The Land of Painted Caves
- First edition (US)
- Author: Jean M. Auel
- Cover artist: Rob Wood
- Language: English
- Series: Earth's Children
- Genre: Historical novel Speculative fiction Alternate history
- Published: March 29, 2011
- Publisher: Crown (US) Hodder & Stoughton (UK)
- Publication place: United States
- Media type: Print (Hardback)
- Pages: 768 pp
- ISBN: 0-517-58051-9 (hardback)
- Preceded by: The Shelters of Stone
- Followed by: n/a

= The Land of Painted Caves =

2011 novel by Jean M. Auel

The Land of Painted Caves is a historical fiction novel by Jean M. Auel published in March 2011. It is the sequel to The Shelters of Stone - published 9 years earlier - and is the sixth and final book in the Earth's Children series. It describes Ayla's life among the Zelandonii, and her training to become one of their spiritual leaders.

== Plot ==

In this three-part book, Ayla is 20 (in part 1), about 23 (in part 2) and 26 (in part 3) and is training to become a spiritual leader for the Zelandonii. Most of the first and second parts of the book involve Ayla's acolyte training to become Zelandoni. The third part of the book contains most of the action of the story and plot line.

In the first part, Ayla is at a Summer Meeting and she begins to learn what an acolyte does. Ayla and the First decide to start Ayla's Donier Tour - a tour of the sacred caves in the wider region. Jondalar, Jonayla, their animals and many others decide to travel. The second part is mainly about the caves they visit. In many of the Sacred caves the Ancients, the people before the Zelandonii, left drawings. Ayla meets many other Zelandoni and one of them gives her a pouch of dried herbs smelling faintly of mint. Ayla also discovers that the Clan visit some of the sacred caves as well.
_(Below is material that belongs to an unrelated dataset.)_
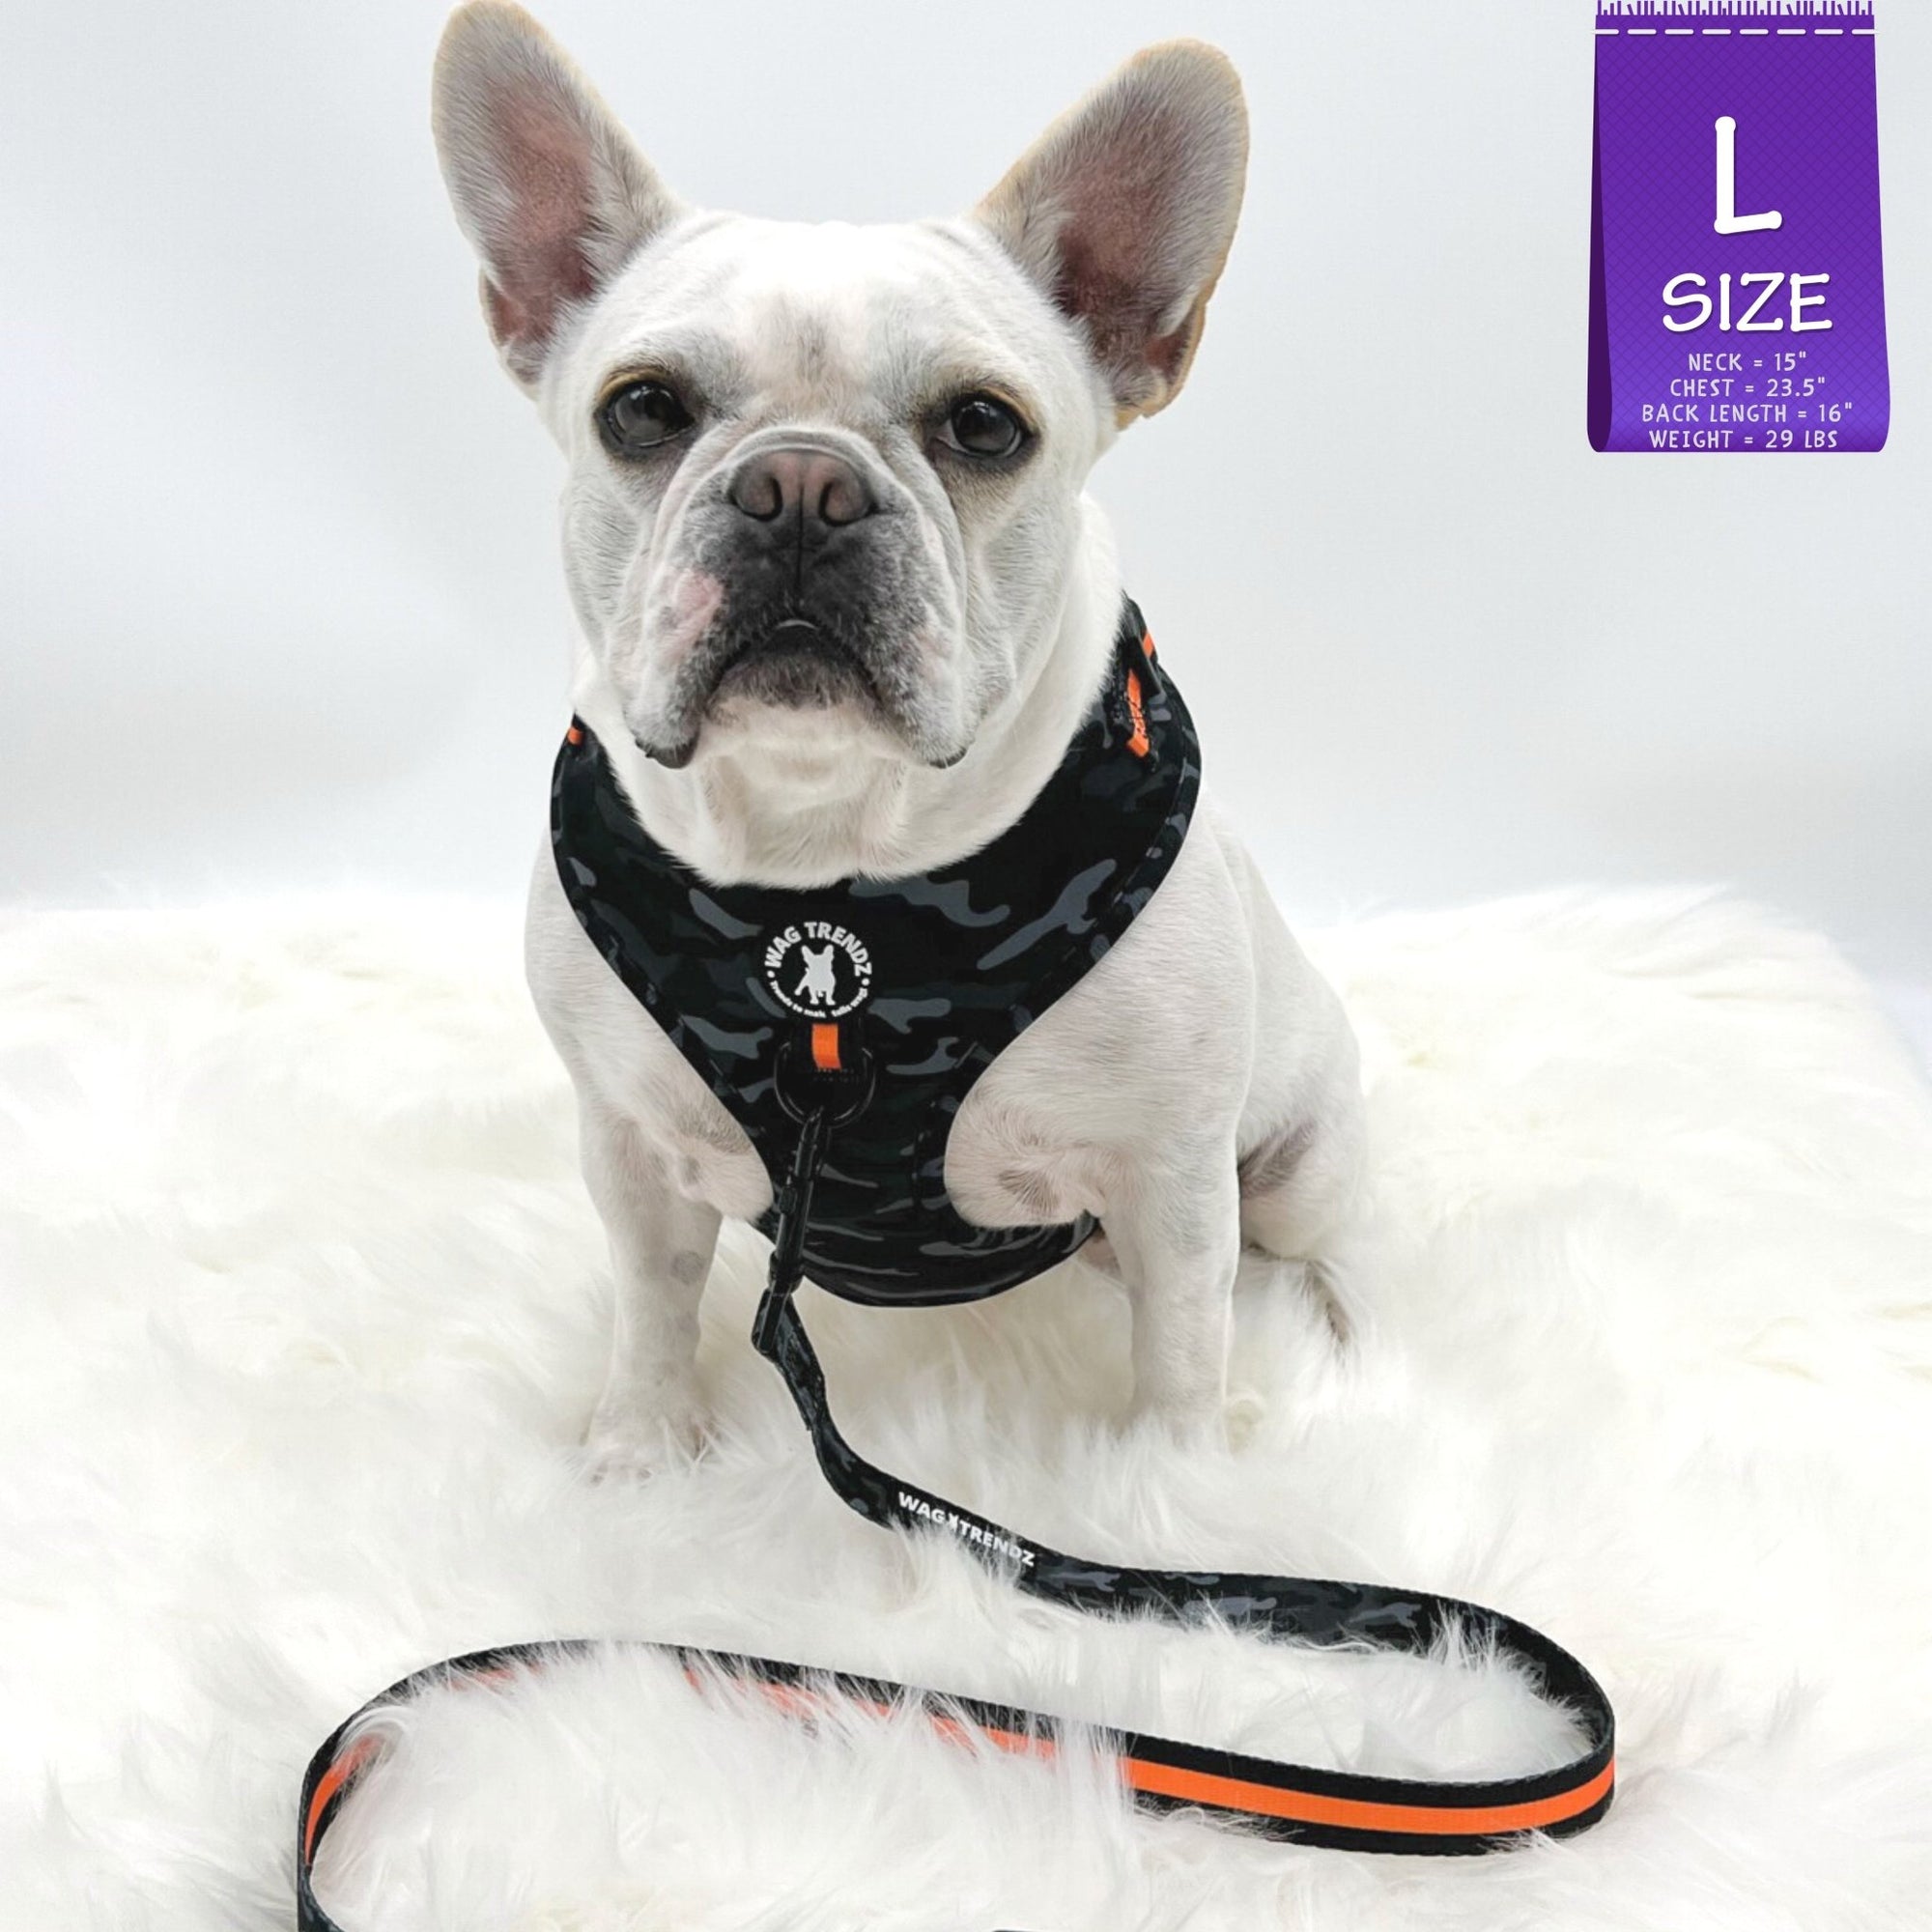 Dog Harness and Leash Set - French Bulldog wearing Black &amp; Gray camo dog harness with Orange Accents and Matching Dog Leash attached - against solid white background - Wag Trendz

In the third part of the book, Ayla is marking the passage of the sun and moon's phases as part of her training as an acolyte. One night she is distracted and decides to share Pleasures with Jondalar, starting a baby. However, most of her Cave leaves for the Summer Meeting, but Ayla stays behind until Midsummer so she can finish her observation of the celestial bodies. During this time she takes care of Marthona, her mother-in-law, as well as the others in her Cave. One night Ayla makes some mint tea, actually the dried herb mixture given to her in the second part of the book, and is Called. If an acolyte is Called, then she will be tested by the Zelandonia, and initiated into the Zelandonia if the Calling is true. Ayla puts down her drink and runs along a river into a cave, where she spends the next three days hallucinating. Wolf wakes her from her visions, and she finds herself in the dark cave. She allows Wolf to lead her out of the cave, but not before finding a bag hidden there by Madroman, an unskilled acolyte who faked his Calling, and who has had a deep-seated hatred of Jondalar since adolescence.

Outside are people from her Cave who were worried about her absence, and it is discovered that Ayla miscarried. She spends the next few days recovering from her experience and helps deliver a friend's baby. After delivering the baby, Ayla travels to the Summer Meeting. Upon her arrival, she finds Jondalar sharing Pleasures with Marona (Marona being Jondalar's bitter ex-girlfriend whom he abandoned to go travelling in the second book, and who actively and spitefully caused Ayla much difficulty when she first arrived at Jondalar's home). This leaves a rift between Ayla and Jondalar. She turns Madroman's bag over to the Zelandonia, and he is rejected from their ranks for his attempted deception. Ayla is accepted into the Zelandonia and attempts to use a dangerous hallucinogenic root as part of her initiation - one that was greatly feared by her first mentor, Mamut. The rift with Jondalar is only healed when he manages to call her back from the deathlike coma induced by the root.

The spiritual knowledge Ayla's Calling brings to the community is that men are active in the conception of a baby during 'Pleasures', which leads to the start of recognized fatherhood and that men have purpose on earth equal to that of women, and subsequently leads to the need for monogamous relationships to reduce jealousy/possessiveness over sexual partners and for fathers to take responsibility for children, thus shaping this prehistoric culture further to match our current one.